Your task | Reproduce only this stretch of the listing below: from the line with "Berge von Bolivien, Altiplano, Wüste" through the line with "4 Small Copper", exactly as written, with pictures excluded.

Information supplied |
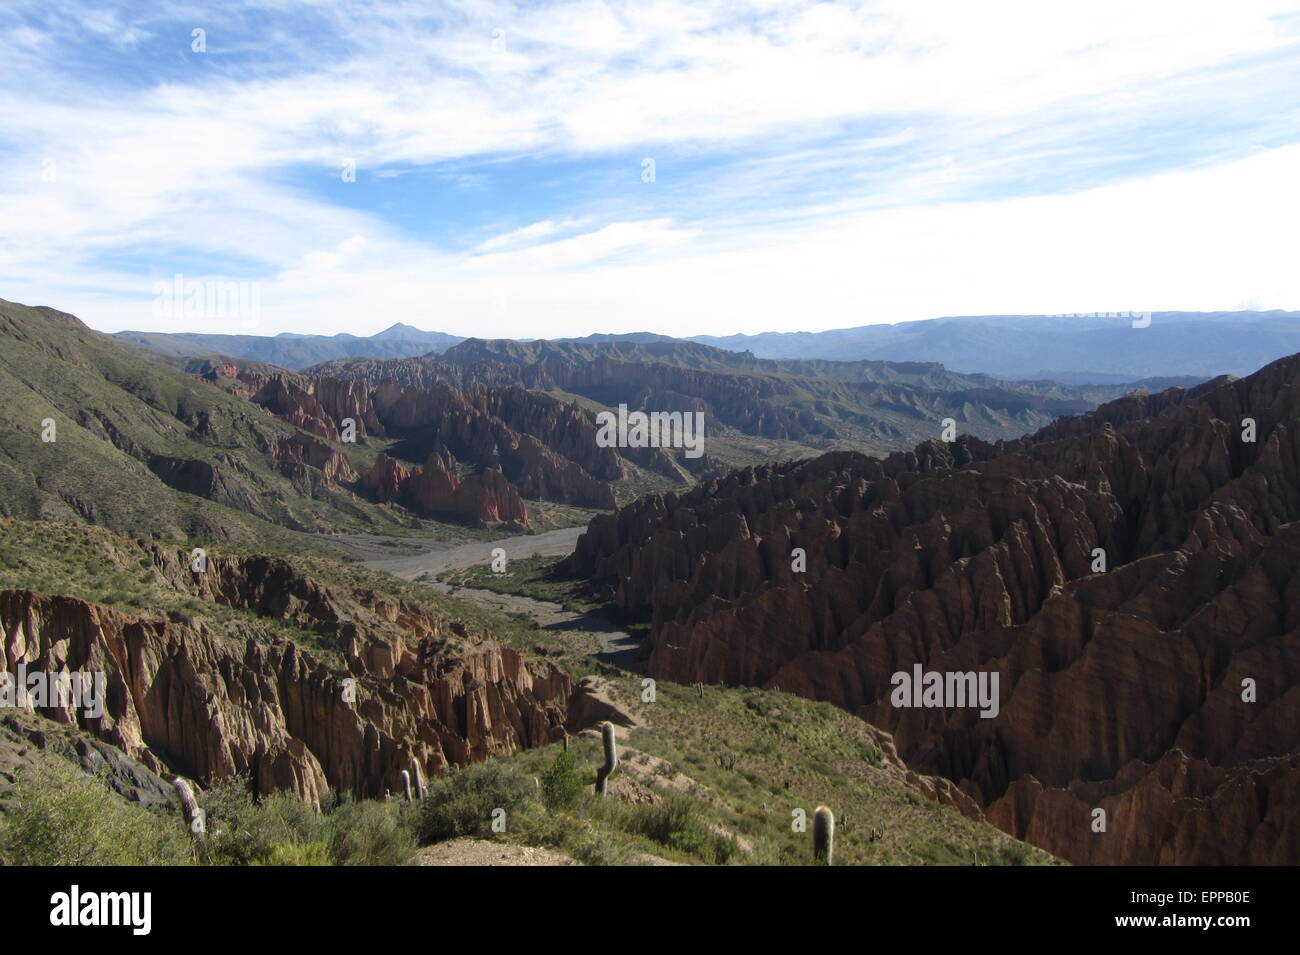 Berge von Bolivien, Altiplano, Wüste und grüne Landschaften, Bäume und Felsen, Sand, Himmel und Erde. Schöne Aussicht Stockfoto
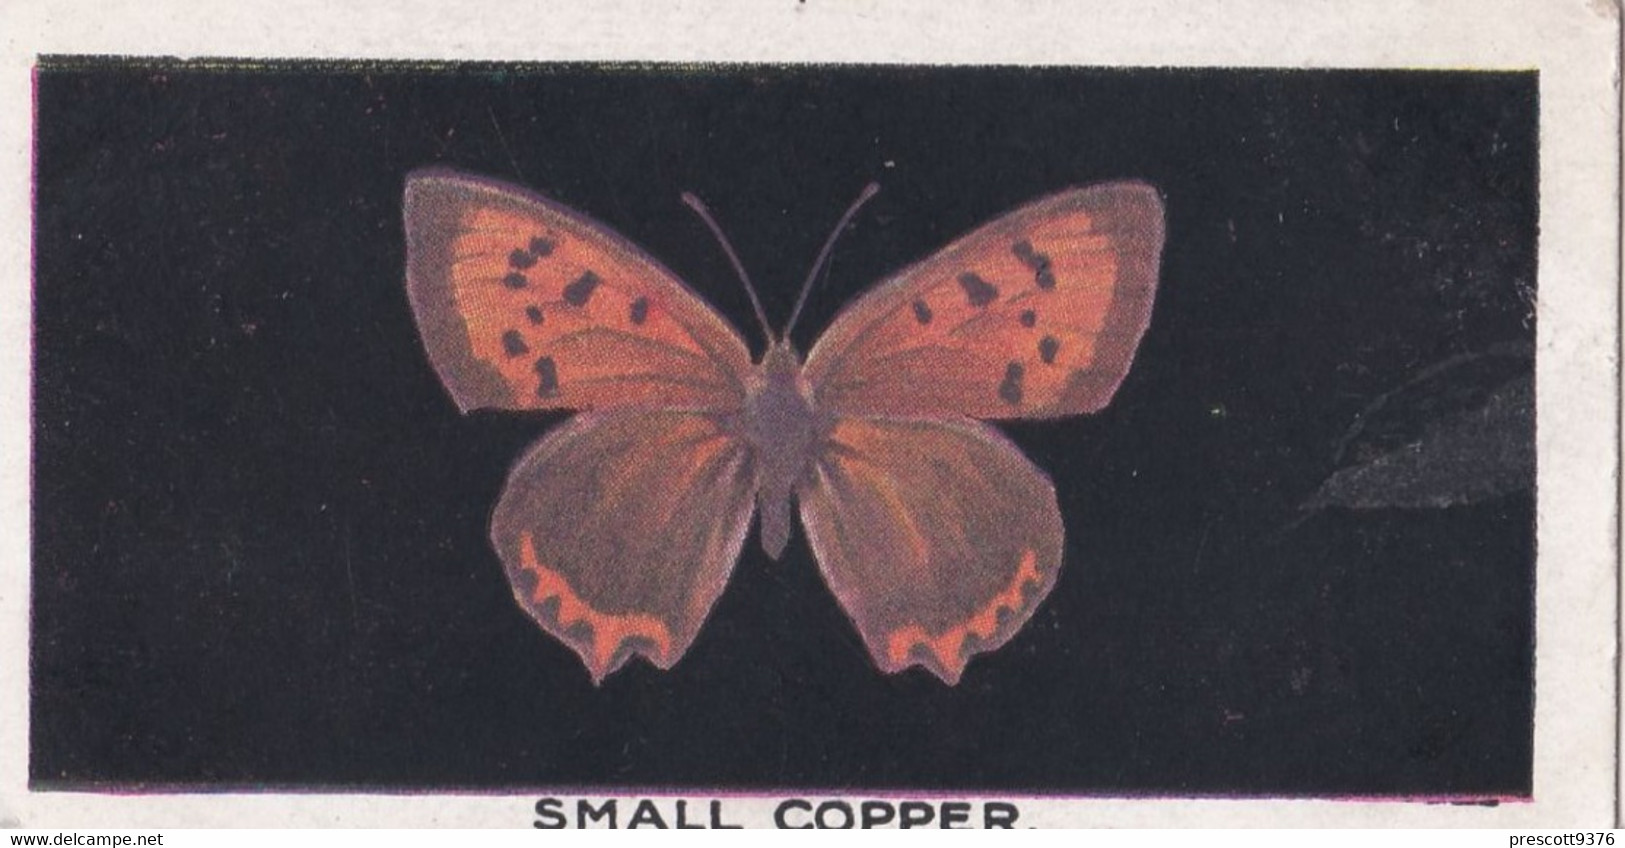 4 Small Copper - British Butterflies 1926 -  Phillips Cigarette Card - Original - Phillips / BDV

==

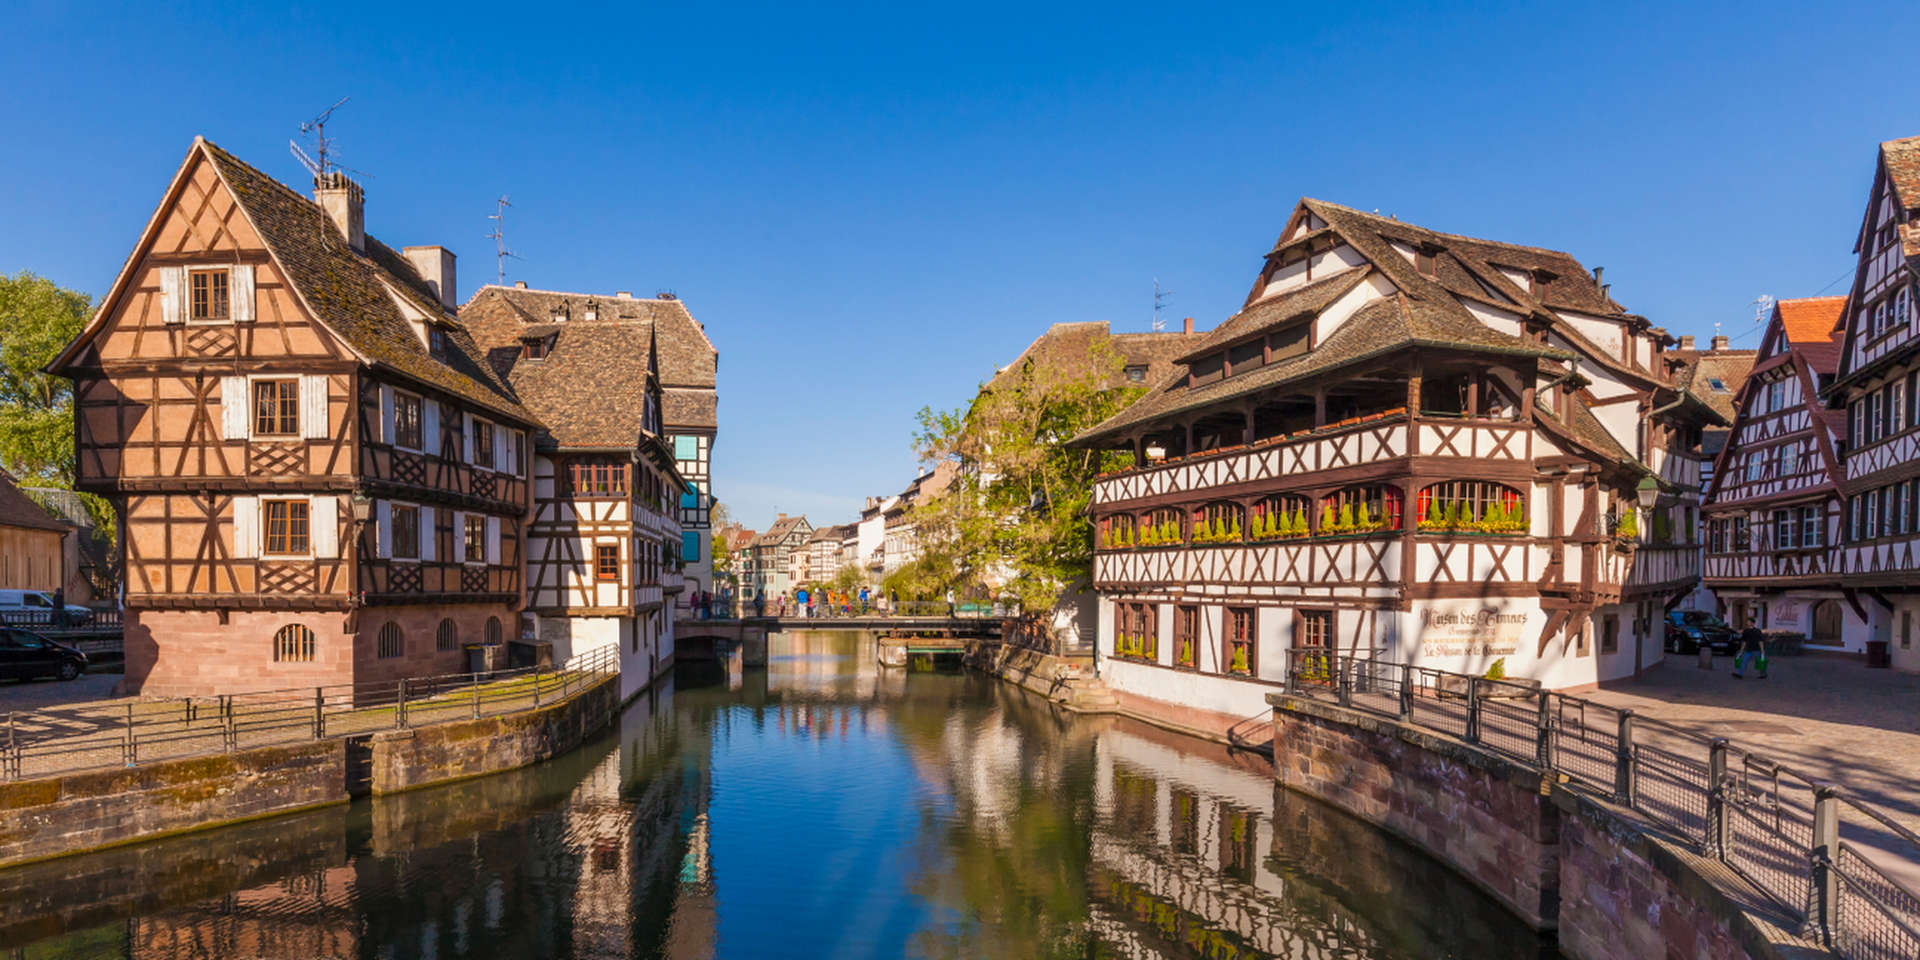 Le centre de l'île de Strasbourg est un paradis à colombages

Your response |
 Berge von Bolivien, Altiplano, Wüste und grüne Landschaften, Bäume und Felsen, Sand, Himmel und Erde. Schöne Aussicht Stockfoto
 4 Small Copper - British Butterflies 1926 -  Phillips Cigarette Card - Original - Phillips / BDV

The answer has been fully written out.